Upgrading Spark Standalone Cluster in WSL2

Bonus : workaround for pyspark and python version mismatch

Table of contents

Overview

Since 2019 I've been using PySpark 2.4.4 , and my system's version of Python is moving from 3.6 into 3.8. This version drift finally caused me a bit of headache by throwing the following error when I want to load SparkSession from pyspark.sql module in my code.

TypeError: an integer is required (got type bytes)

This error is caused because pyspark=2.4.4 does not support python3.8. Most of the recommendations are to downgrade to python3.7 to work around the issue or to upgrade pyspark to the later version ala :

pip3 install --upgrade pyspark

I am using a Spark standalone cluster in my local i.e. "installing from source"-way, and the above command did nothing to my pyspark installation i.e. the version stays at 2.4.4. There are more steps needed to be taken.

Furthermore, my WSL2 is a spaghetti-maze installation of binaries / distributions. Some challenges :

  1. There are binaries that were installed by brew and some that came by means of sudo apt-get
  2. I forgot how I installed pyspark and apache-spark in the first place

Obviously doing brew uninstall pyspark and apt-get remove apache-spark did nothing. To start from a clean slate is not as easy as uninstall-and-reinstall.

Steps

First, I need to locate the installation path of both pyspark and spark-shell:

$ which pyspark && which spark-shell
/home/linuxbrew/.linuxbrew/bin/pyspark
/home/linuxbrew/.linuxbrew/bin/spark-shell

Those files are actually bash scripts used by brew to launch the application. Looking at the code of /home/linuxbrew/.linuxbrew/bin/pyspark we can see the following PATH definition :

# Add the PySpark classes to the Python path:
export PYTHONPATH="${SPARK_HOME}/python/:$PYTHONPATH"
export PYTHONPATH="${SPARK_HOME}/python/lib/py4j-0.10.9.2-src.zip:$PYTHONPATH"

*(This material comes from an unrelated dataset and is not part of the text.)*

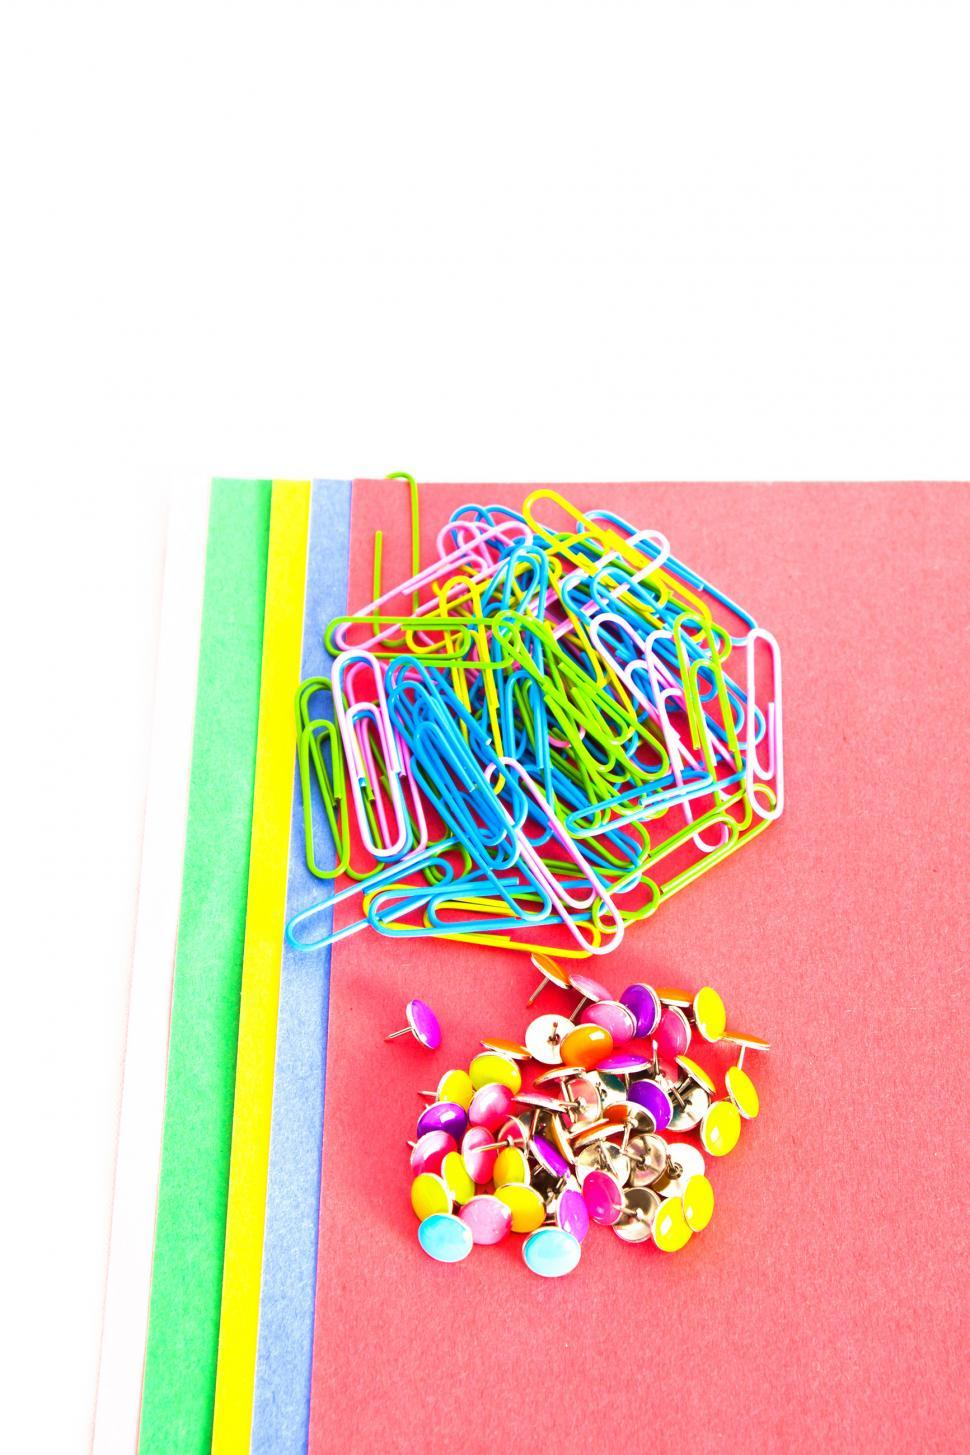 Download Free Stock Photo of School Supplies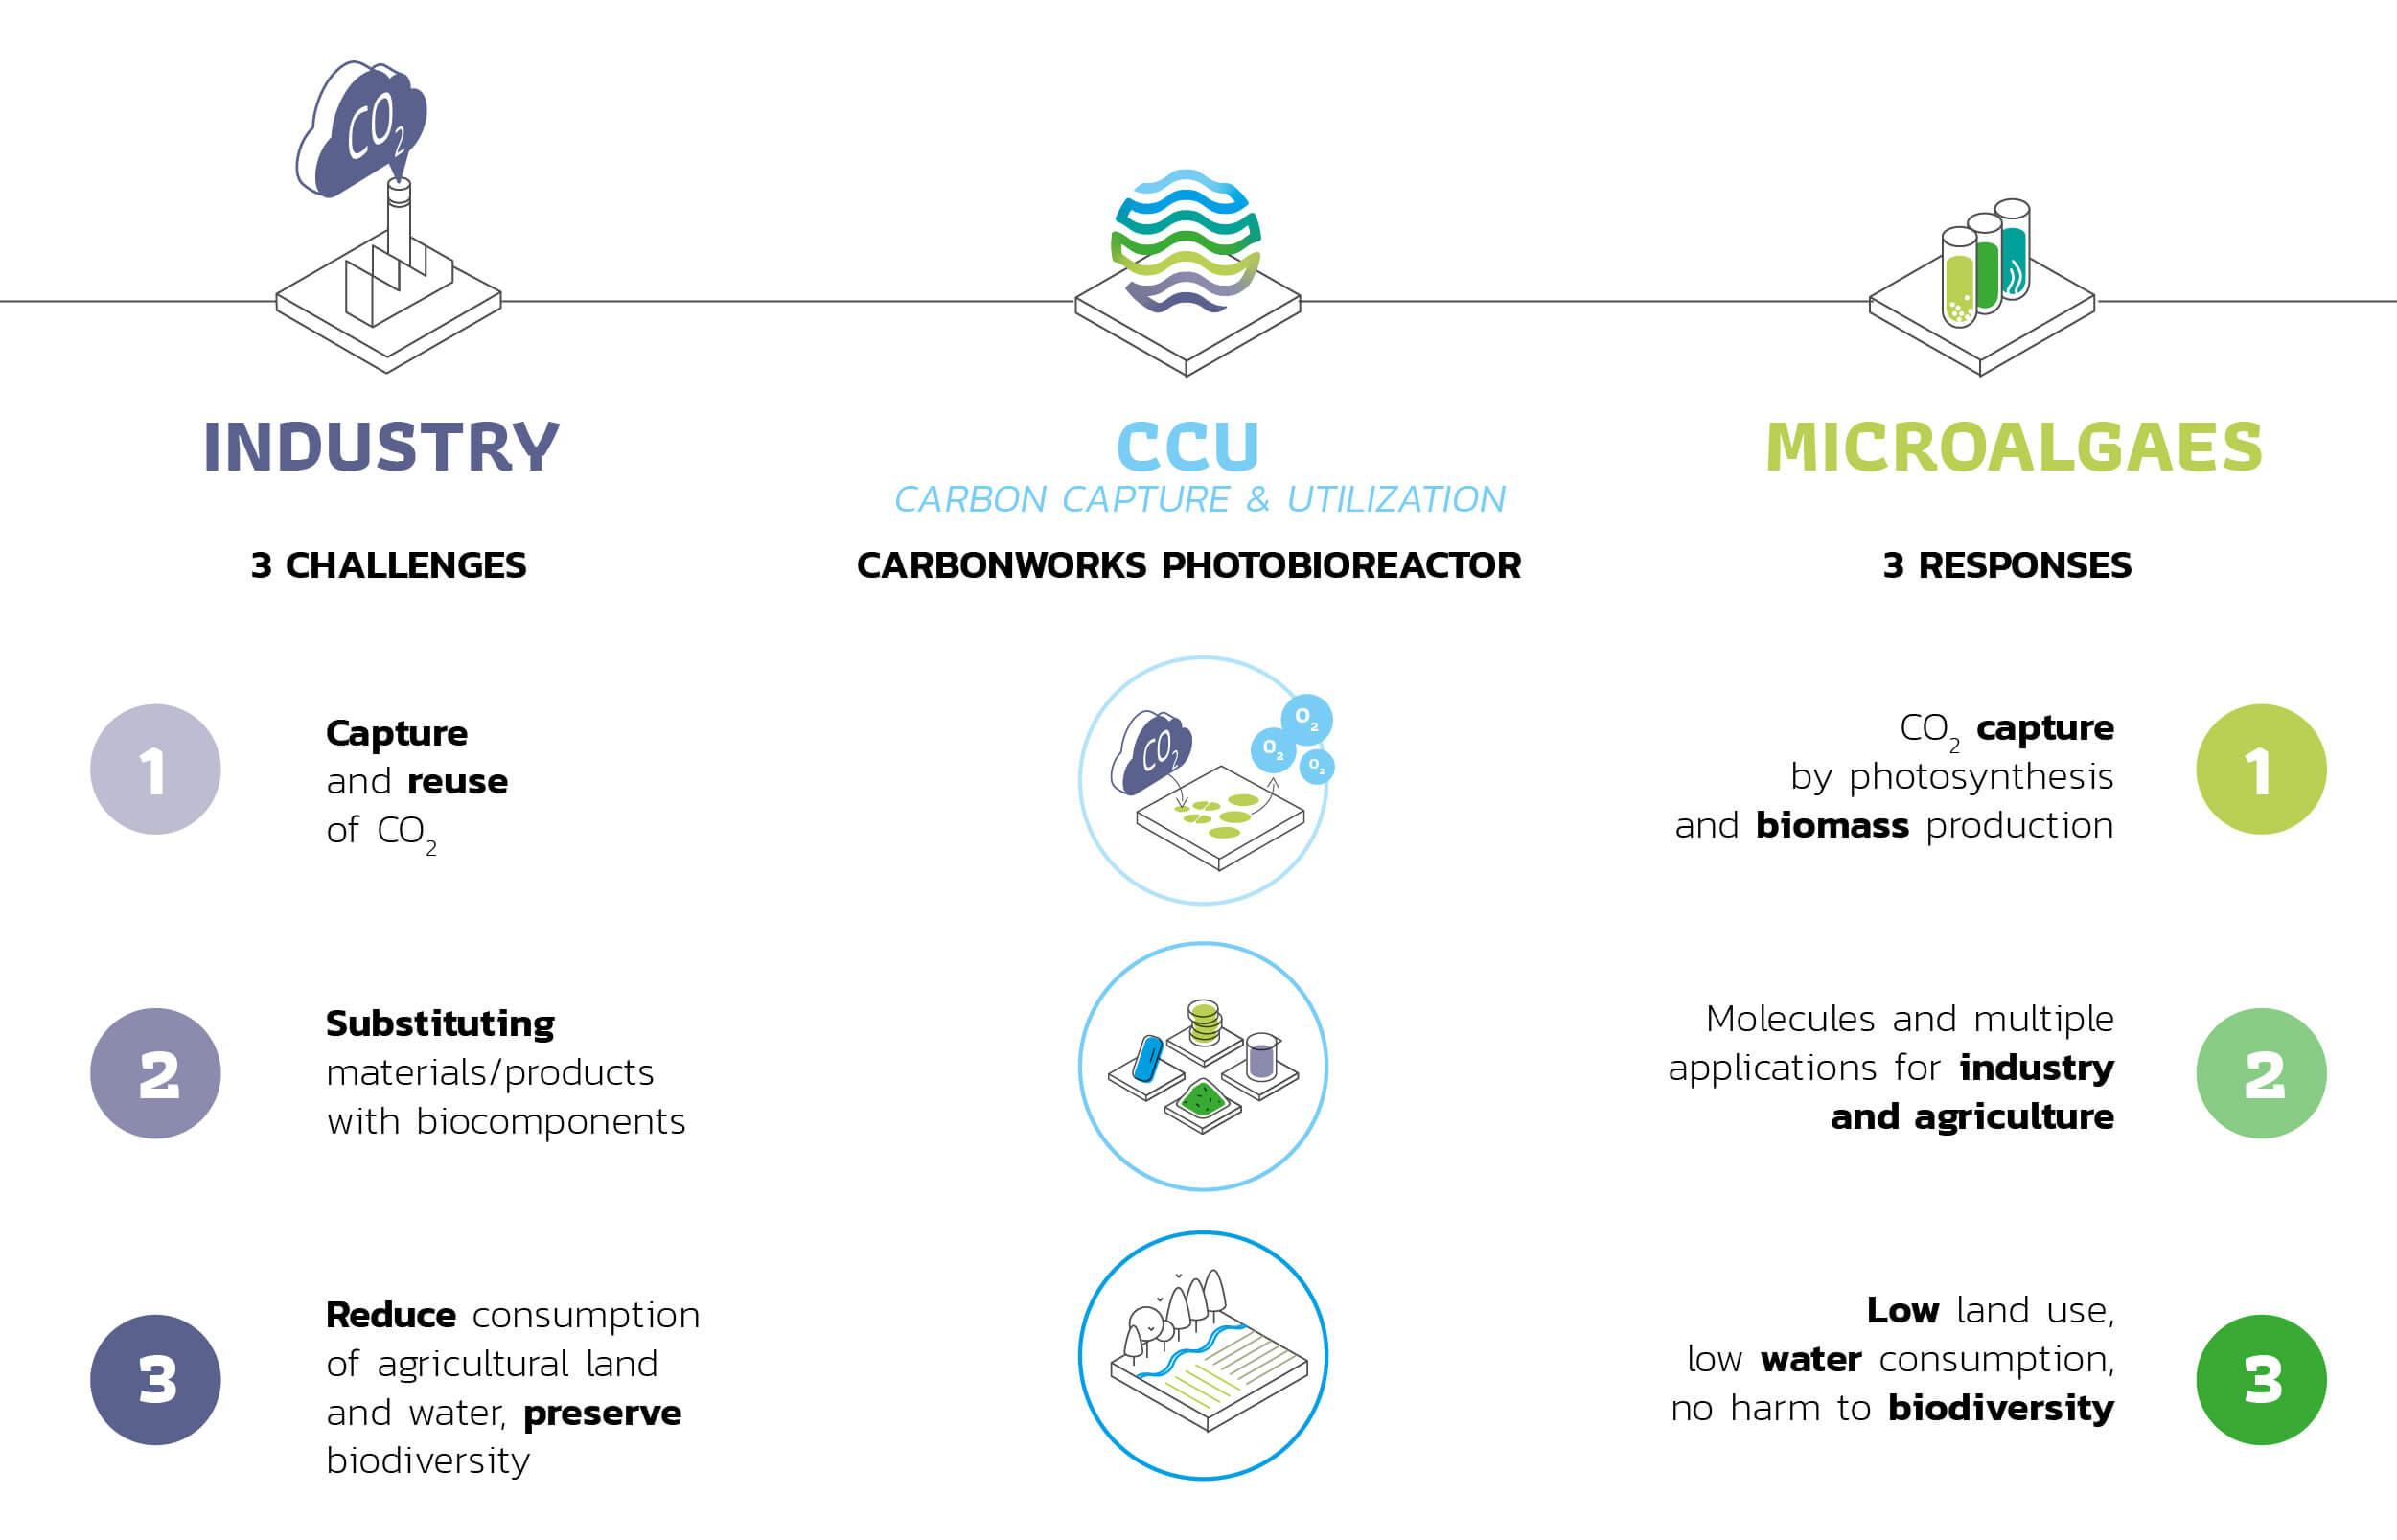 Why microalgaes

Then, I need to locate which path $SPARK_HOME resolves to :

$ echo $SPARK_HOME
/opt/spark

I went to /opt and voila! That's where it was installed. What have to be done next to "upgrade" spark version is to delete the folder containing all spark-related binaries and replace it with the newer one (make sure the hadoop version tallies with your installation - I am still using 2.7 at the time of writing).

rm -rf /opt/spark
sudo wget https://www.apache.org/dyn/closer.lua/spark/spark-3.2.1/spark-3.2.1-bin-hadoop2.7.tgz
sudo tar xvzf spark-3.2.1-bin-hadoop2.7.tgz
sudo mv spark-3.2.1-bin-hadoop2.7 spark

After the above steps have been done, check your pyspark version :

$ pyspark --version
22/03/26 15:51:40 WARN Utils: Your hostname, PMIIDIDNL13144 resolves to a loopback address: 127.0.1.1; using 172.17.50.37 instead (on interface eth0)22/03/26 15:51:40 WARN Utils: Set SPARK_LOCAL_IP if you need to bind to another address
Welcome to
      ____              __
     / __/__  ___ _____/ /__
    _\ \/ _ \/ _ `/ __/  '_/
   /___/ .__/\_,_/_/ /_/\_\   version 3.2.1
      /_/

Using Scala version 2.12.15, OpenJDK 64-Bit Server VM, 1.8.0_292
Branch HEAD
Compiled by user hgao on 2022-01-20T20:15:47Z
Revision 4f25b3f71238a00508a356591553f2dfa89f8290
Url https://github.com/apache/spark
Type --help for more information.

Conclusion

So that's how I managed to fix the issue with SparkSession load. It turned out that version mismatch was the root cause.

Key takeaways :

  1. Always be consistent with your package management. Stick to brew or apt-get but don't mix both.
  2. Try to use venv to manage Python packages for different projects. Actually. this is one advice that I've heard so many times but at the moment it feels like it's too late to be implemented in my current setup.